Dose adjustment is not required by

to patients of advanced age (> 65 years).

Pregnant

Results of researches indicate

Feature of application

lack of undesirable impact of omeprazolum on pregnancy or health of the fruit/newborn. Omeprazolum can be applied during pregnancy.

Omeprazolum is removed by

in breast milk, however hardly influences the child if it is applied in therapeutic doses.

Children

Experience of use of medicine for intravenous administration in pediatric practice is limited to

therefore this category of patients should not appoint.

Drivers

It is improbable

that medicine affects ability to drive the car or to work with other mechanisms. Considering that sensitive patients at use of medicine can have side reactions (dizziness, drowsiness, hallucinations, reversible confusion of consciousness), such patients for administration of medicament should refrain from control of motor transport and work with the mechanisms demanding concentration of attention.

Overdose

Exists the limited volume of information on consequences of overdose of omeprazolum at the person. Cases of use of medicine in a dose to 560 mg were described; also separate messages about oral application of single doses of omeprazolum which reached 2400 mg (120 times higher than the usual recommended clinical dose) were received. Cases of nausea, vomiting, dizziness, an abdominal pain, diarrhea and headache were registered. It was also in rare instances reported about apathy, a depression and confusion of consciousness. The described symptoms were temporary, messages about serious consequences did not arrive. Clearance rate of medicine did not change (kinetics of the first order) with increase in doses of medicine.

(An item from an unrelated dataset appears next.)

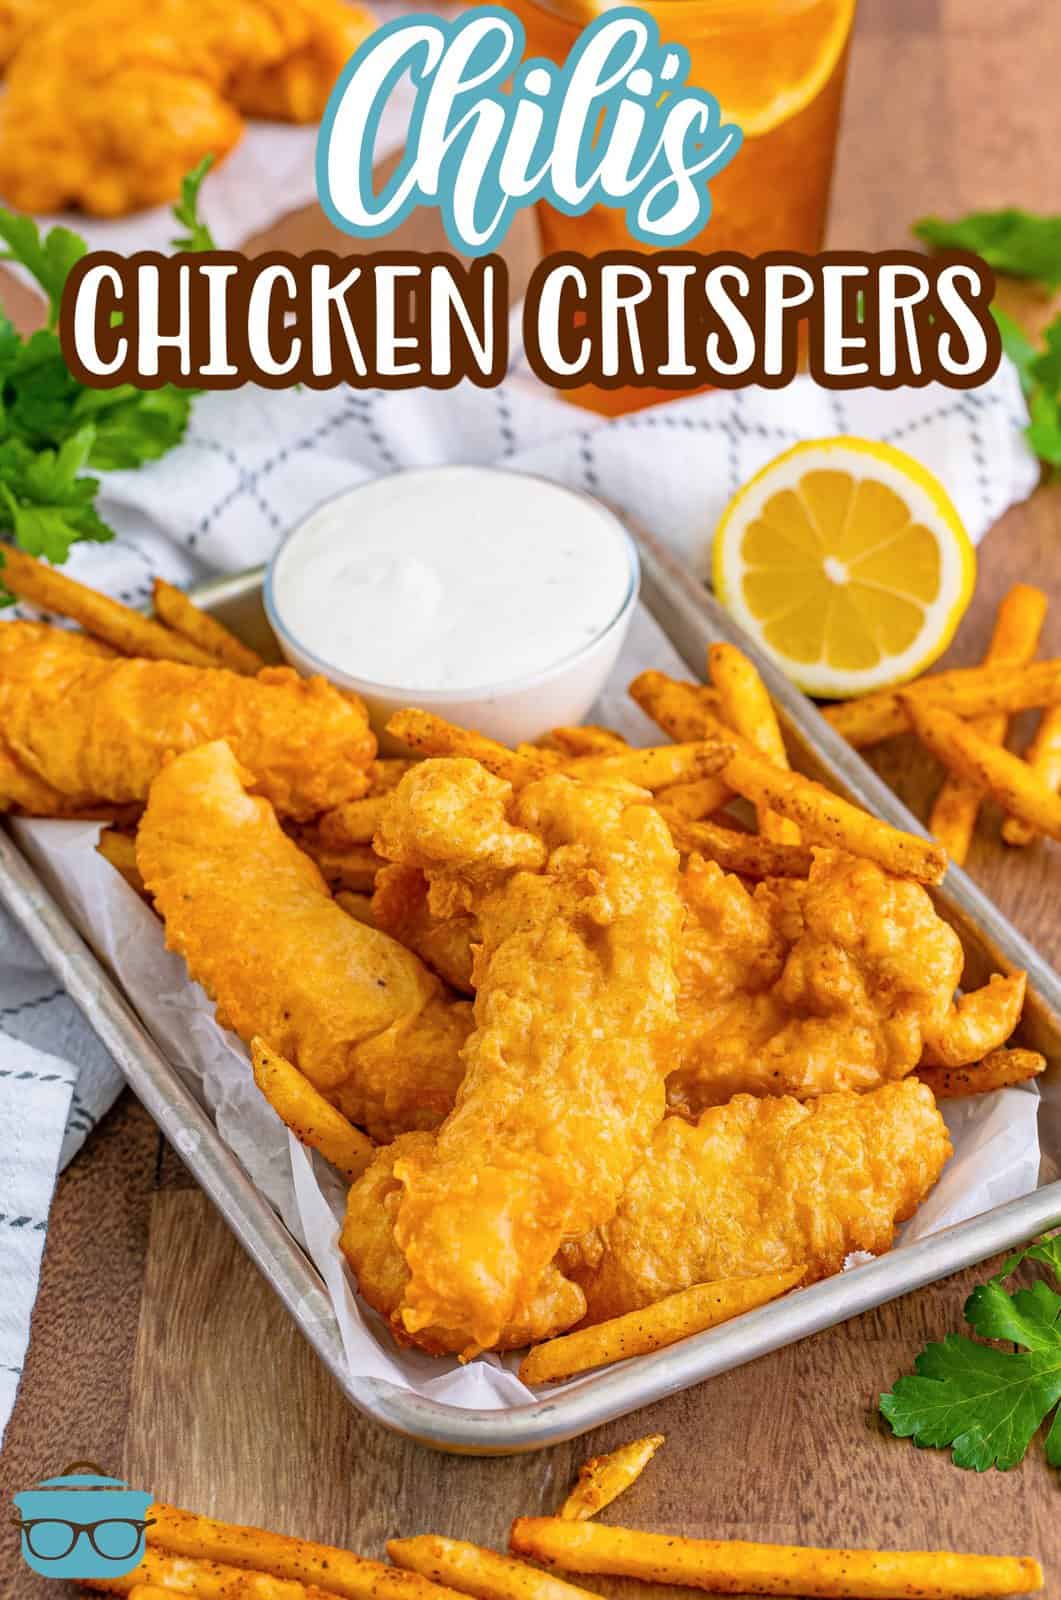 A tray of chicken crispers, a copycat recipe from Chili's.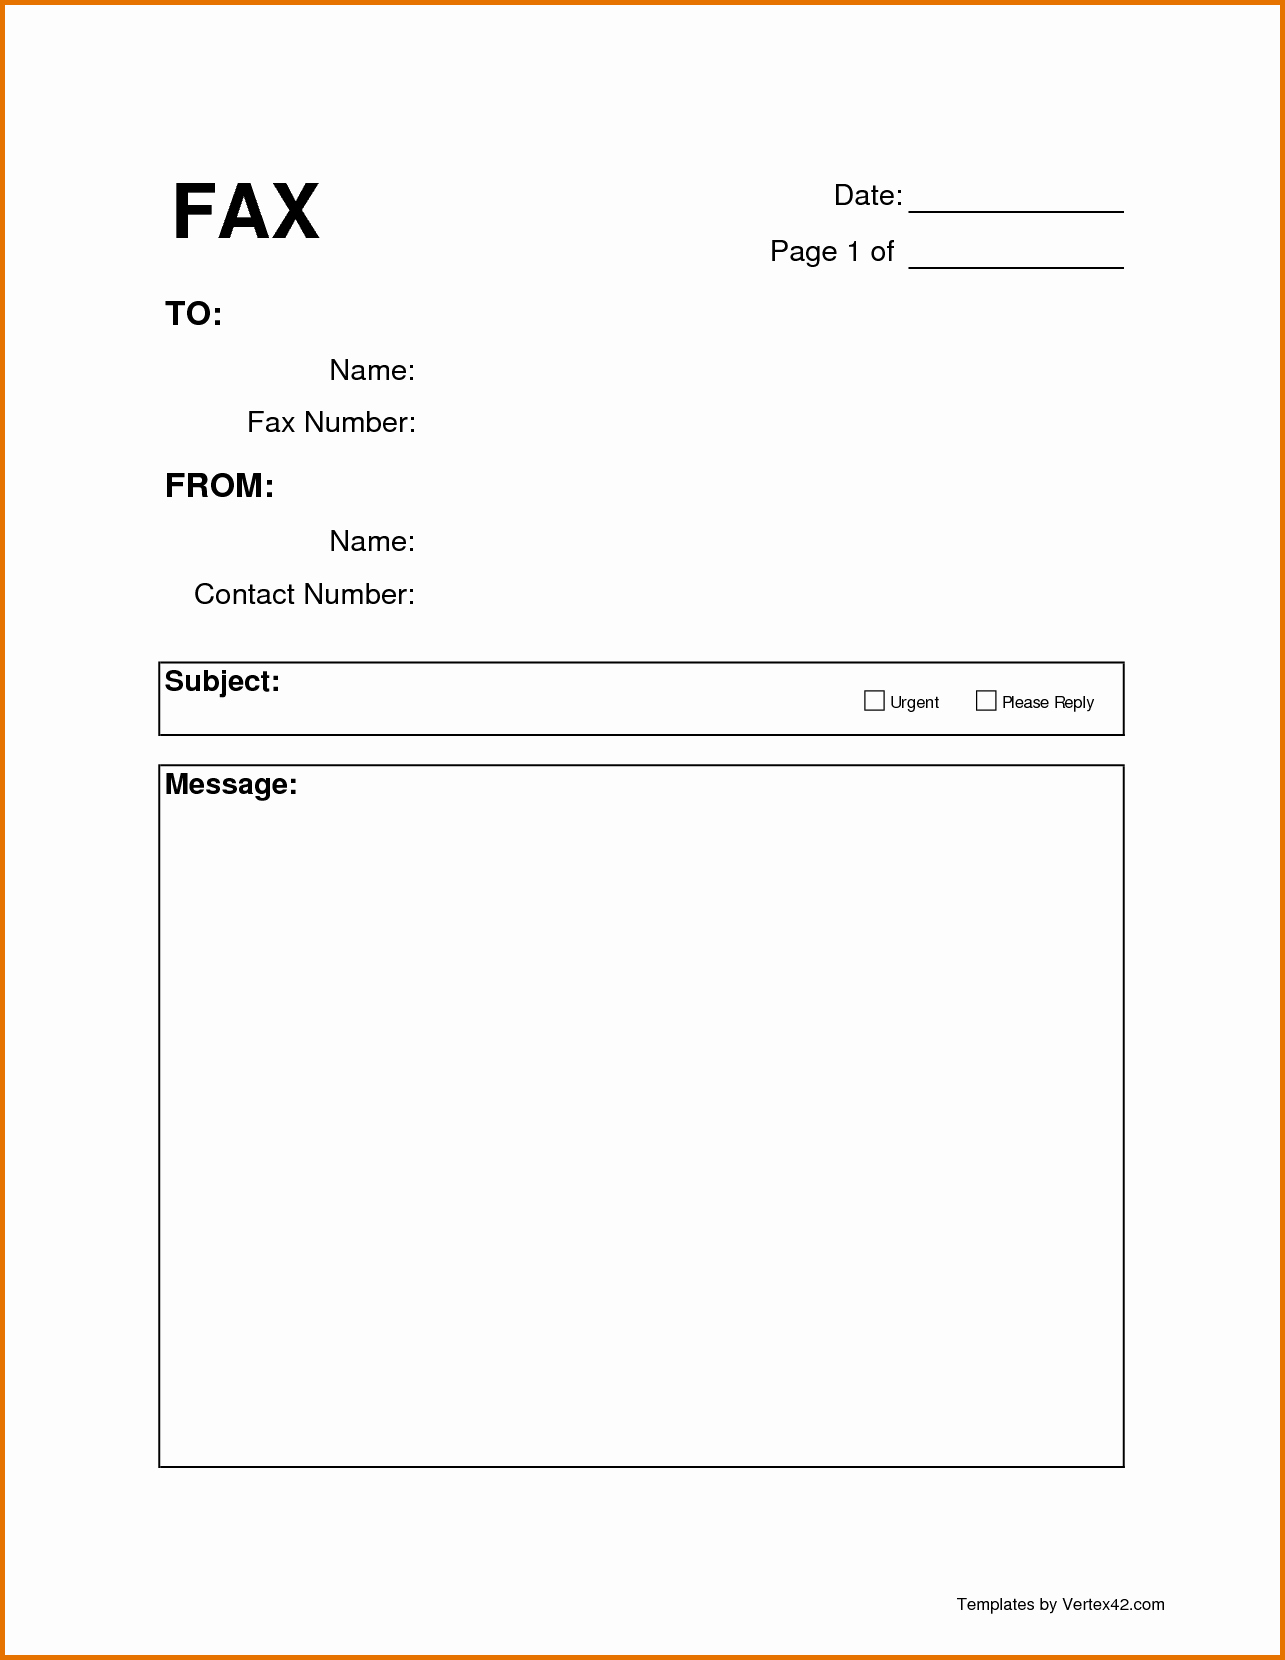 Cover Sheet for Fax Example Lovely 4 Printable Fax Cover Sheetsreference Letters Words

symptomatic treatment. At conduct of clinical trials applied intravenous administration of medicine in a dose to 270 mg within one day and to 650 mg within three days that did not lead to what emergence of dose-dependent undesirable reactions.

Side effects

Most frequent side effects are a headache, an abdominal pain, a lock, diarrhea, a meteorism, nausea/vomiting.

Storage conditions

to Keep a bottle in an external box at a temperature not above 25 °C. To store out of children's reach.

Expiration date - 2 years.

Period of storage after solution preparation: stability of chemical physical properties of the prepared solution was shown within 12 hours at 25 °C after dissolution of 0.9% by solution of sodium chloride and within 6 hours after dissolution of 5% glucose solution. From the microbiological point of view, the received solution should be used immediately, except cases when restoration of medicine happens in the controlled and aseptic conditions confirmed with validation methods.